И его первая отчетливо созревшая мысль совершенно разумна: необходимо бежать. Чем ближе стоит он к роевой общей жизни, лютой ненавистью кипящей ко всему и ко всем, у кого в кармане диплом и у кого правильная литературная речь, тем скорее стихия поглотит его. Бежать надо, в большой город бежать, где легко затеряться, в Москву; еще бы лучше на родину, в город прекрасный — едва ли надежней, да сердцу спокойней: дома помогают и стены.

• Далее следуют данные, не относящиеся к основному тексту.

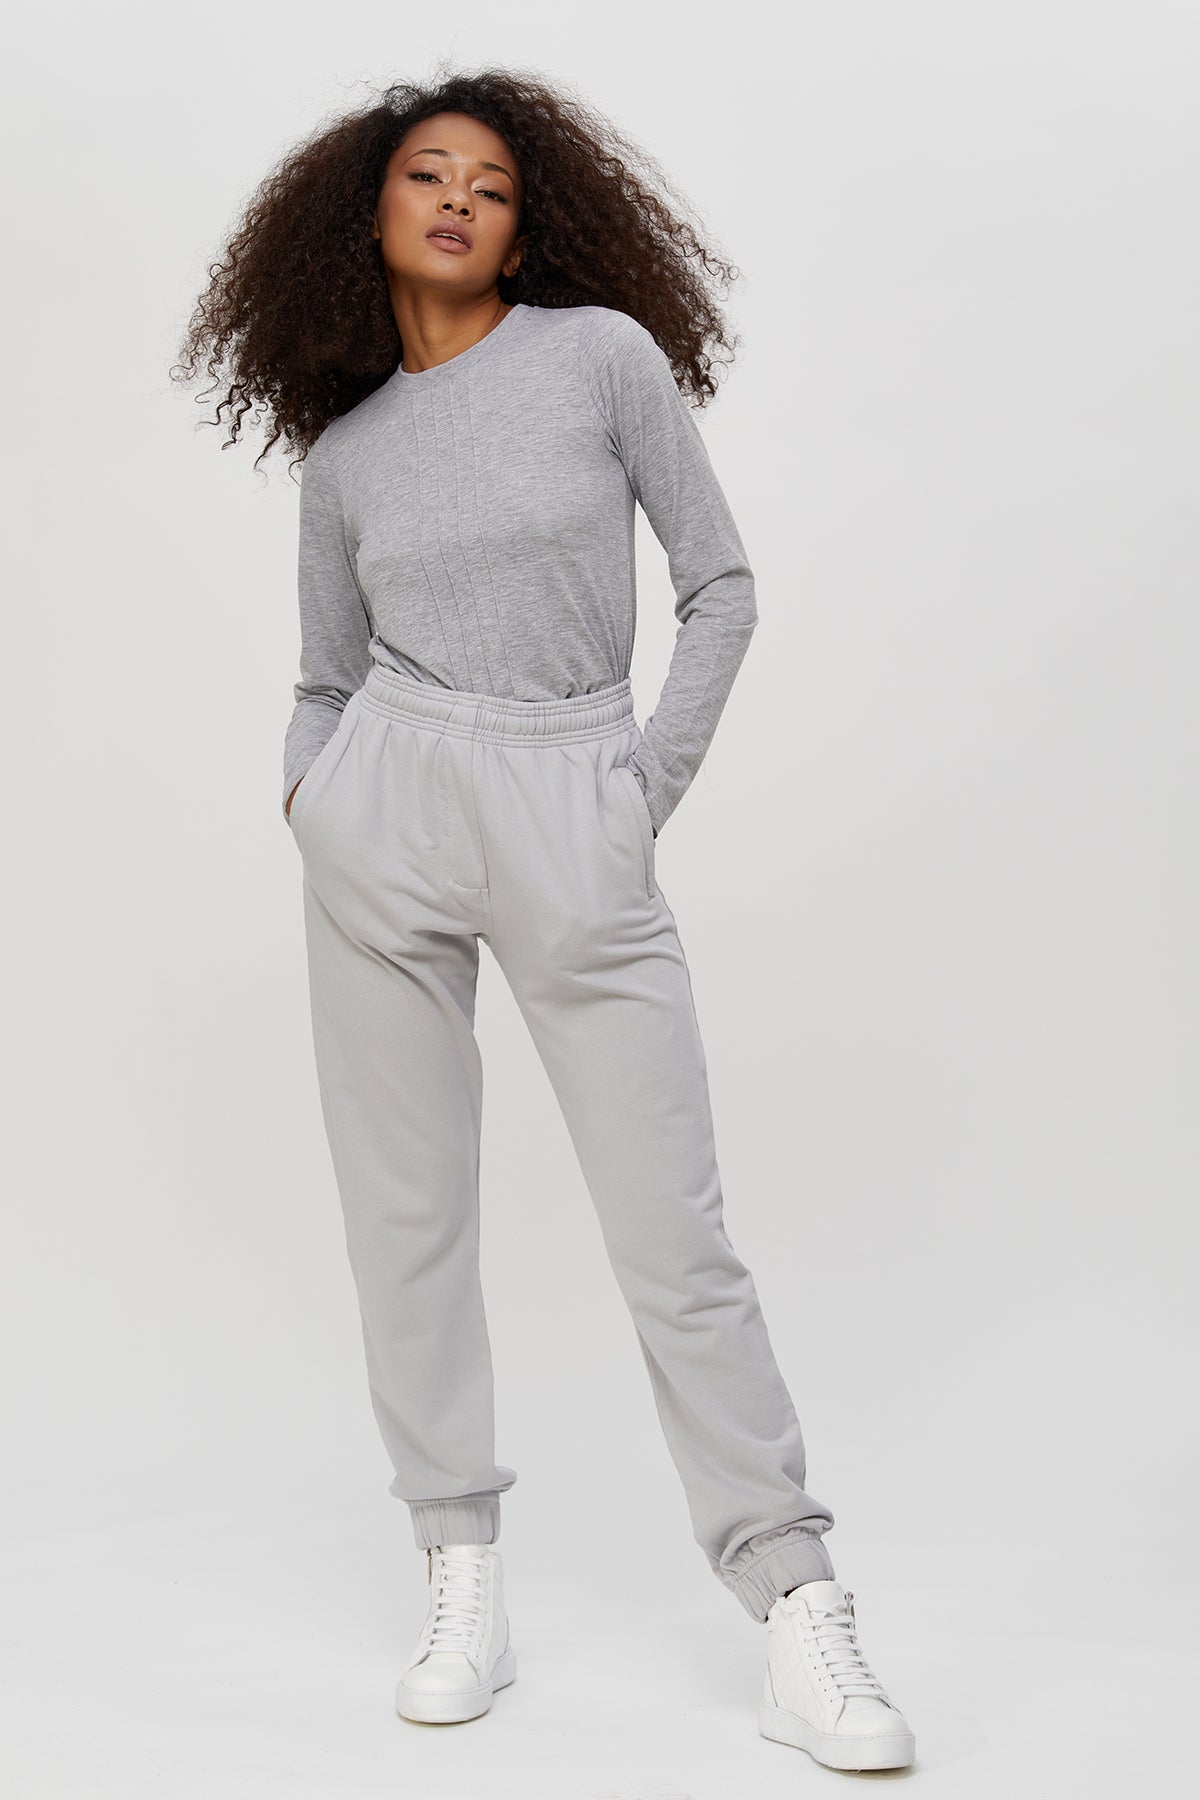 Women's sweatpants - active fleece joggers . 100 % great quality Turkish Pima cotton preshrunk. Zippered pockets. Sports. Gym, Yoga.
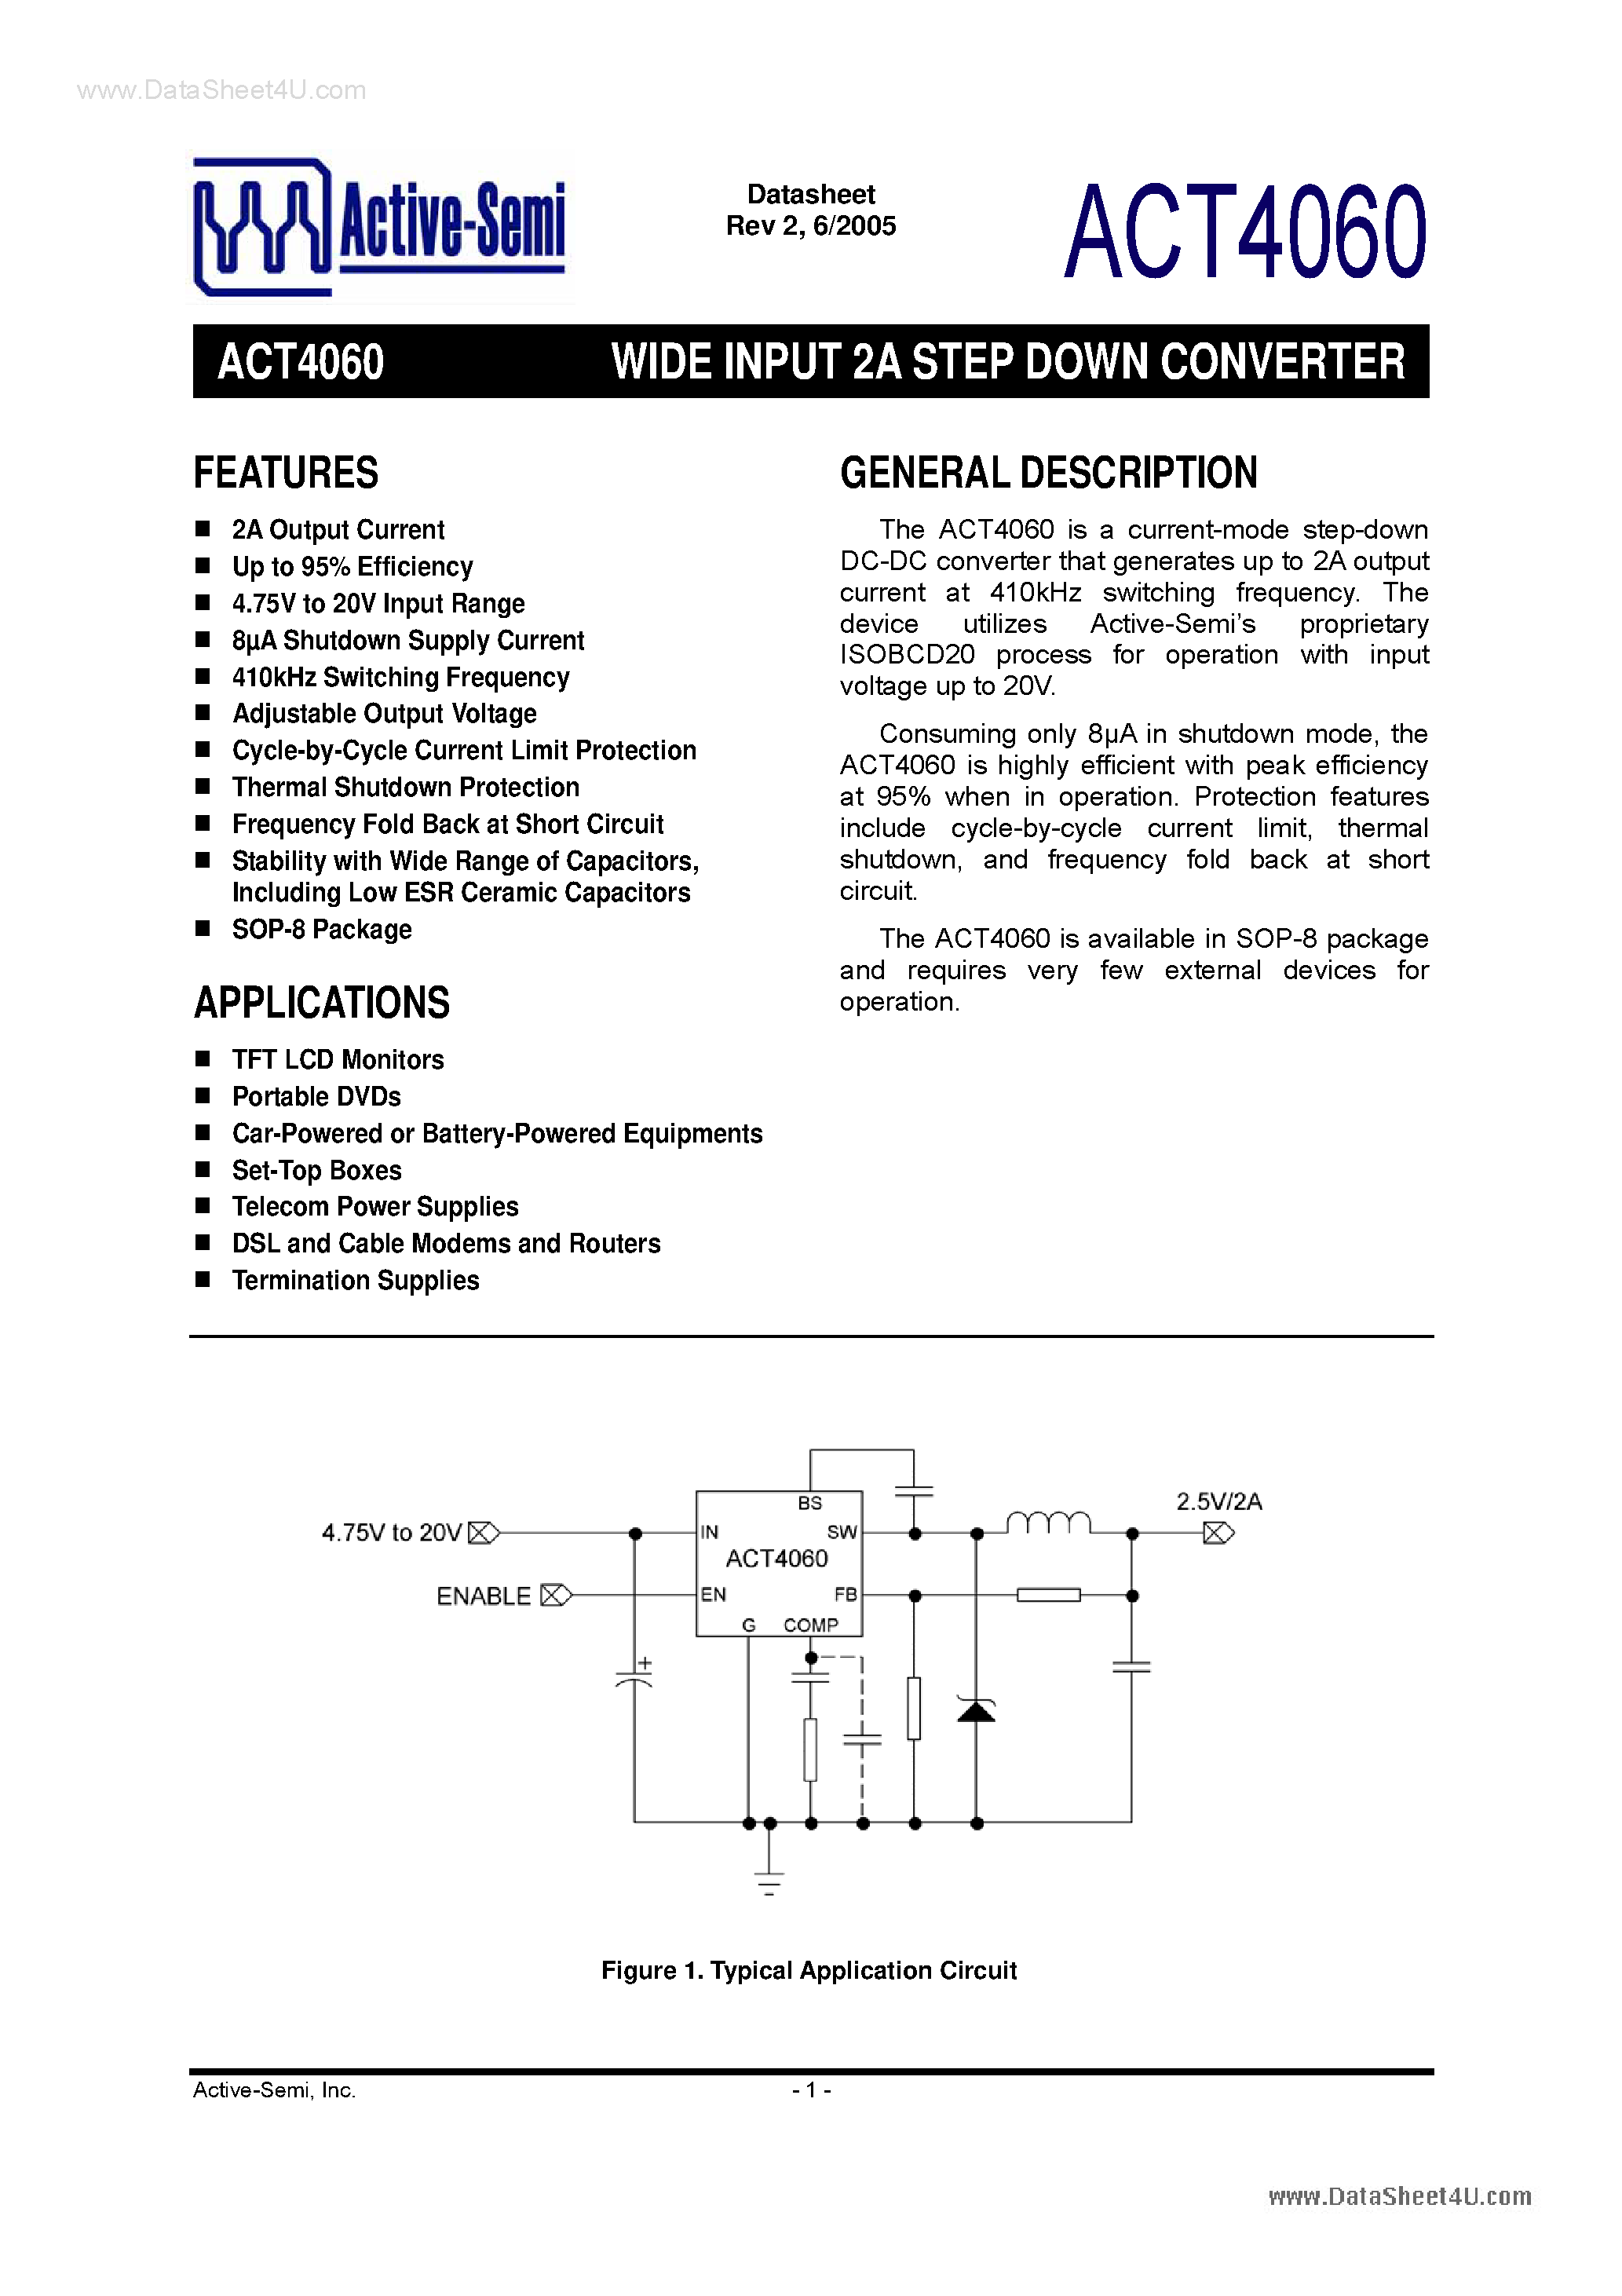 Даташит ACT4060 - Wide Input 2A Step Down Converter страница 1

И вот в декабре он едет в Москву хлопотать об освобождении от воинской службы. Впрочем, о том, как он передвигается в том направлении, где Москва, уже невозможно выражаться этим мирным, приветливым словом, да и никаким, наверно, словом нельзя. Билетные кассы уже не работают. Поездов тоже, в сущности, нет, а есть эшелоны, составленные из вагонов всех сортов и мастей, эшелоны врываются на станции под разбойничий свист, рев гармоник и граммофонов. Служащие вокзала разбегаются тотчас, как только окутанный паром локомотив влетает на первую стрелку. Дежурный ни секунды не медля дает отправление. Все желающие покинуть пункт А и достичь пункта Б берут штурмом переполненные вагоны, разумеется, не имея билетов, и прыгают на подножки почти на ходу. Впрочем, какие же это вагоны? От прежних вагонов остается один только остов, ободранный и разбитый, словно только что потерпевший крушение и вновь возвращенный на рельсы. Эти печальные остовы битком набиты солдатами, бегущими с фронта. Солдаты везут домой зеркала, вагонные умывальники и обрывки потертого плюша, вырезанного и выдранного из вагонных диванов. Революционная, другими словами, езда, не похожая решительно ни на что, едешь час, стоишь два, причем прямо в поле стоишь. Солдаты выбрасываются галдящей толпой из вагонов, разламывают заборы, хватают все, что только способно гореть. В топку локомотива летит всякое дерево, вплоть до почернелых могильных крестов, снесенных с придорожного кладбища. Раздается раскатистый рев:
— Крути, Гаврила!
И уже не приходится риторически вопрошать: «Какой же русский не любит быстрой езды?» Любят решительно все, в особенности под этот магический вскрик, перешедший в потомство, и перепуганный машинист на всю железку крутит свои колеса и рычаги, до следующей остановки и разграбления всех деревянных вещей, способных гореть.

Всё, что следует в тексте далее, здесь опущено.